[SCHEDULE 13G] Medifast, Inc. SEC Filing
Medifast Schedule 13G filing summary The reporting entities—G1 Execution Services, LLC; Susquehanna Fundamental Investments, LLC; and Susquehanna Securities, LLC—report aggregate beneficial ownership of 785,606 shares, representing 7.2% of Medifast's outstanding common stock based on 10,938,000 shares outstanding as of June 30, 2025. The filing expressly states that the Susquehanna Securities total includes options to acquire 695,200 shares.
The filing includes a certification that the securities were acquired and are held in the ordinary course of business and were not acquired to change or influence control. The report is executed and signed on August 13, 2025. No additional transactions, plans, or intentions are disclosed in this statement.
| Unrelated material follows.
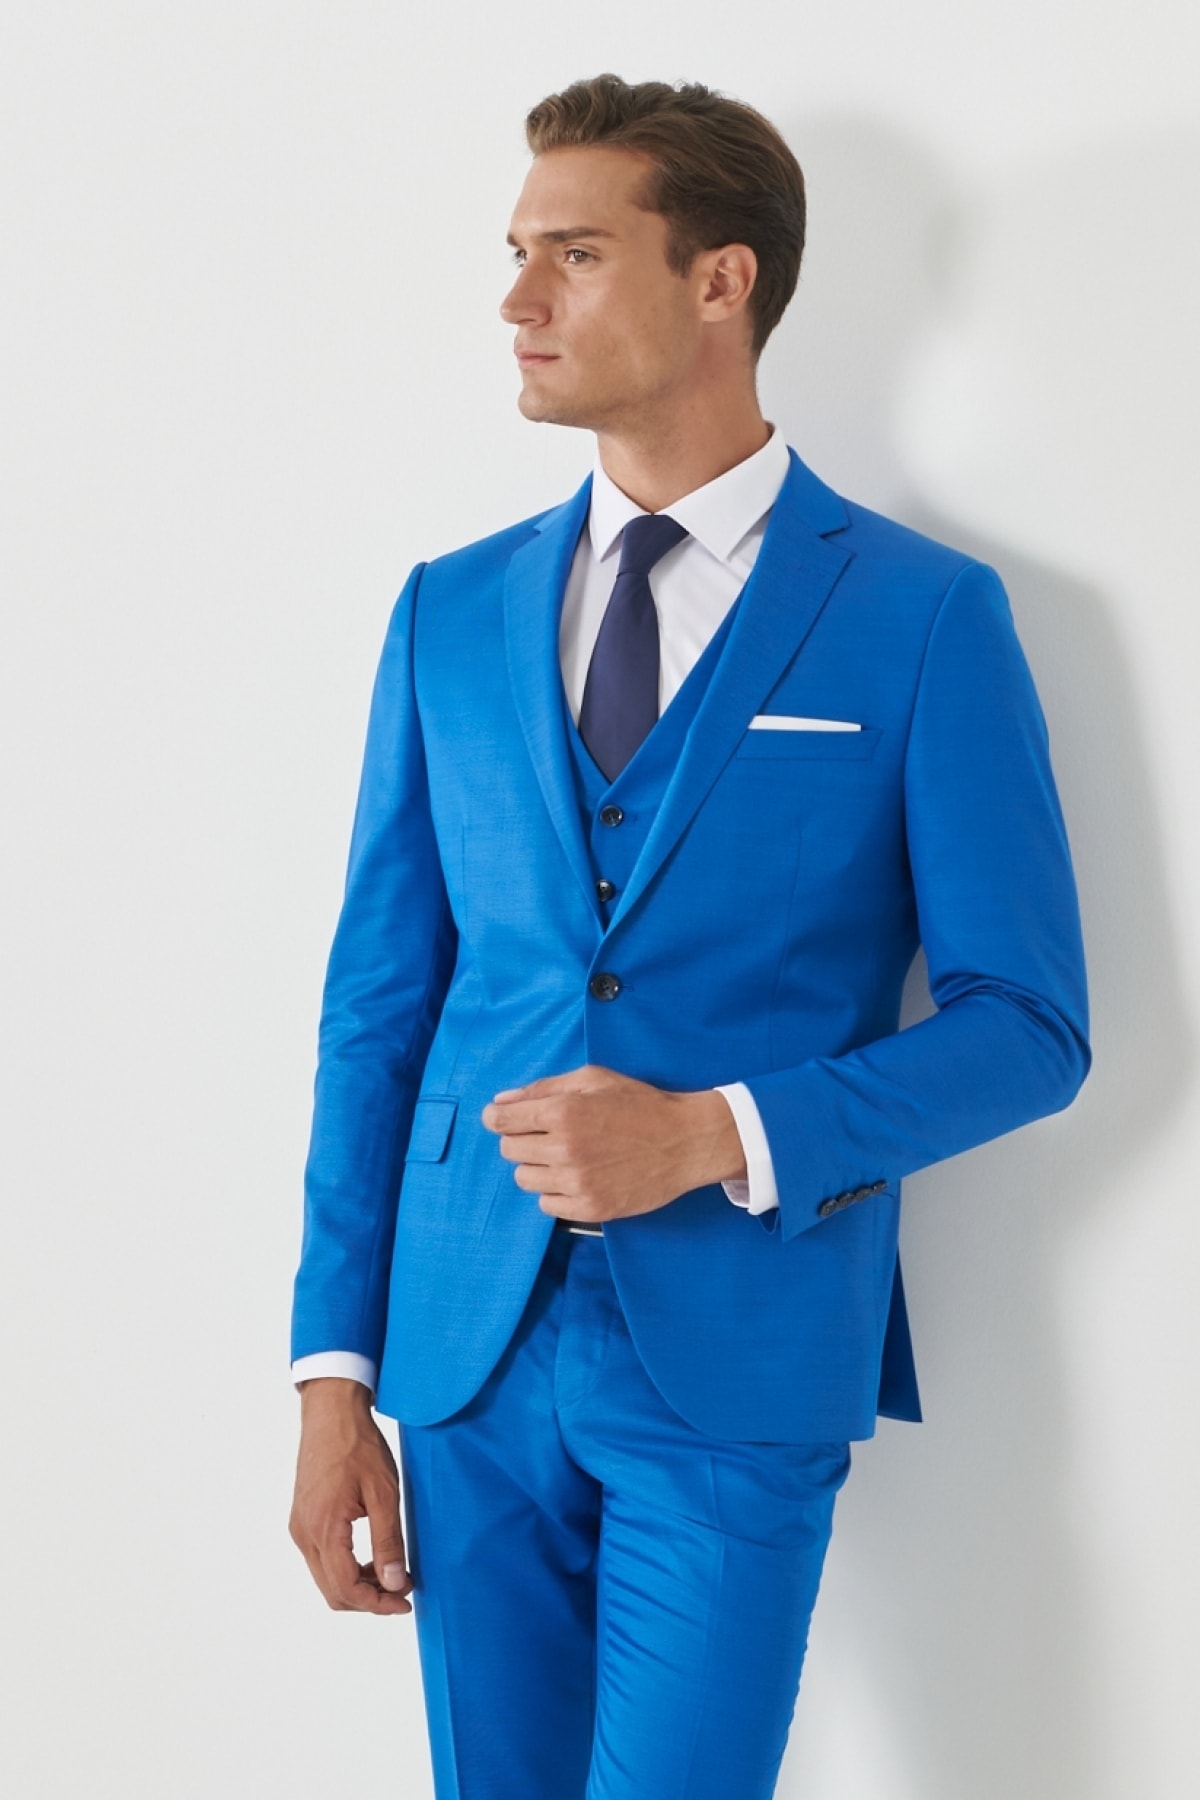 Levně ALTINYILDIZ CLASSICS Men's Sax-Blue Extra Slim Fit Slim Fit Slim Fit Monocollar Pick Patterned Vest Suit.

- Reported beneficial ownership of 785,606 shares, equal to 7.2% of the outstanding class based on 10,938,000 shares
- Disclosure that 695,200 options are included in Susquehanna Securities' reported amount, clarifying economic exposure
- None.
Insights
TL;DR: Combined Susquehanna entities report a 7.2% stake (785,606 shares), with 695,200 options included; filing certifies passive intent.
The Schedule 13G discloses a material >5% position in Medifast that triggers required reporting. The filing quantifies the stake against the issuer's disclosed 10,938,000 shares outstanding and explicitly notes options of 695,200 included in Susquehanna Securities' count, which affect economic exposure. The report contains the standard certification that holdings are in the ordinary course and not intended to influence control, and the parties executed the filing on August 13, 2025. This is a transparency event rather than a disclosed strategic or control action.
TL;DR: Joint filing by affiliated Susquehanna entities documents coordinated disclosure of a 7.2% position while disclaiming control intent.
The document is a joint Schedule 13G by three related reporting persons, showing shared voting and dispositive power over 785,606 shares. That joint reporting clarifies attribution among affiliated broker-dealers and an investment affiliate. The certification language limits the filing to ordinary-course holdings rather than an assertion of activist or control intentions. For governance monitoring, the position size is material enough to merit attention, but the filing contains no specific governance demands or plans.